Nonequilibrium Pump-Probe Photoexcitation as a Tool for Analyzing Unoccupied Equilibrium States of Correlated Electrons
Youhei Yamaji, Masatoshi Imada

TL;DR
This paper proposes a pump-probe photoexcitation method to analyze unoccupied equilibrium states in correlated electrons, revealing that unoccupied spectra can be identified through their faster relaxation, challenging traditional thermalization assumptions.
Contribution
It introduces a novel experimental approach to detect unoccupied spectra in doped-Mott insulators using nonequilibrium relaxation dynamics.
Findings
Unoccupied spectra relax faster than occupied ones.
Effective temperatures differ during relaxation, invalidating thermalization assumptions.
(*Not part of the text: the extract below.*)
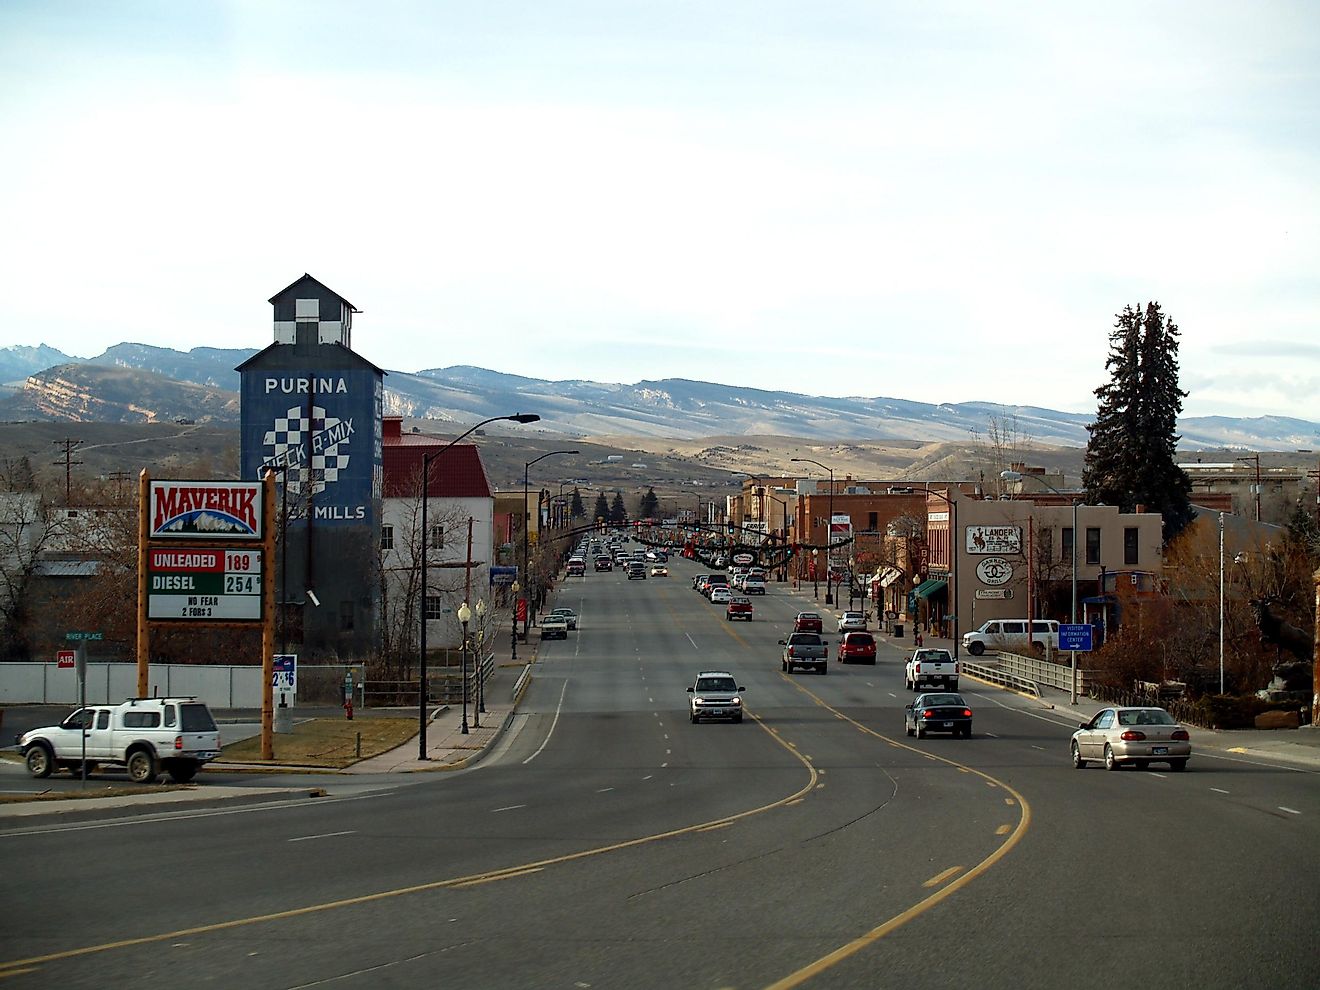 Downtown Lander, Wyoming. Image credit Charles Willgren from Fort Collins, Colorado, United States - Downtown LanderUploaded by PDTillman, Charles Willgren from Fort Collins, Colorado, United States, CC BY 2.0, File:Lander, WY.jpg - Wikimedia Commons

Unoccupied states at equilibrium can be identified through their rapid relaxation.
Abstract
Relaxation of electrons in a Hubbard model coupled to a dissipative bosonic bath is studied to simulate the pump-probe photoemission measurement. From this insight, we propose an experimental method of eliciting unoccupied part of the single-particle spectra at the equilibrium of doped-Mott insulators. We reveal first that effective temperatures of distribution functions and electronic spectra are different during the relaxation, which makes the frequently employed thermalization picture inappropriate. Contrary to the conventional analysis, we show that the unoccupied spectra at equilibrium can be detected as the states that relax faster.